İstanbul barajları alarm veriyor
İSTANBUL (AA) – İstanbul Su ve Kanalizasyon İdaresi (İSKİ) verilerine göre, kente su sağlayan barajlardaki doluluk oranı 65,13 olarak ölçüldü. Geçtiğimiz son 10 yılda mart ayı sonu itibariyle barajlardaki doluluk oranları yüzde 90’larda olurken bu yıl yüzde 65 seviyesinde kaldı.
Su miktarı, 6,2 milyon metreküp kapasiteye sahip Istrancalar’da yüzde 34,26, 162,2 milyon metreküplük Terkos’da yüzde 60,25, 88,7 milyon metreküplük Sazlıdere’de yüzde 43,18, 34,1 milyon metreküplük Alibeyköy’de yüzde 37,84, 148,9 milyon metreküplük Büyükçekmece’de yüzde 40,95, 235,3 milyon metreküplük Ömerli’de yüzde 97,80, 107,5 milyon metreküplük Darlık’ta ise yüzde 100 olarak ölçüldü.

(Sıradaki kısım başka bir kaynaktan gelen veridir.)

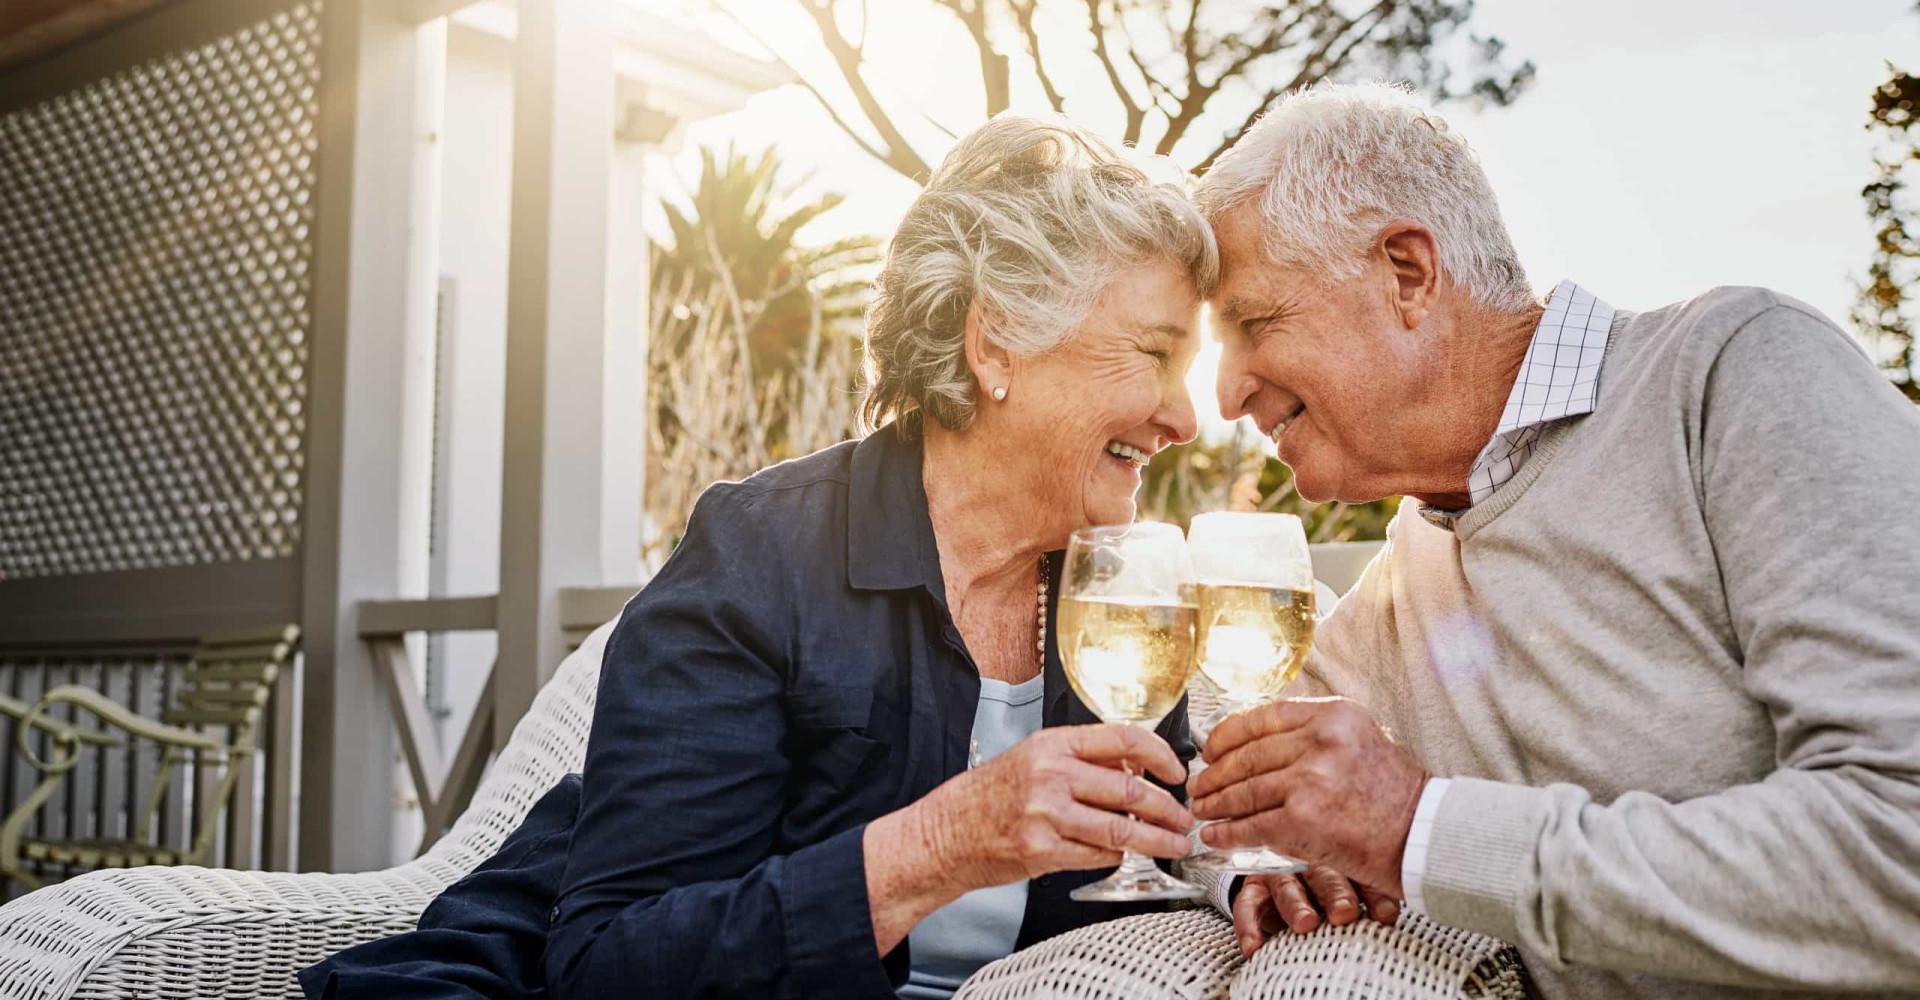 Bewezen: Samen drinken goed voor de relatie!

İstanbul’a su sağlayan baraj ve göletler azami 868 milyon 683 bin metreküp su biriktirme hacmine sahipken, su miktarı yaklaşık 570 milyon metreküp seviyesinde bulunuyor.
Barajlardaki doluluk oranı, geçmiş yıllarla karşılaştırıldığında ise 30 Mart 2014’teki yüzde 35,5’lik orandan sonra en düşük seviye olarak gerçekleşti.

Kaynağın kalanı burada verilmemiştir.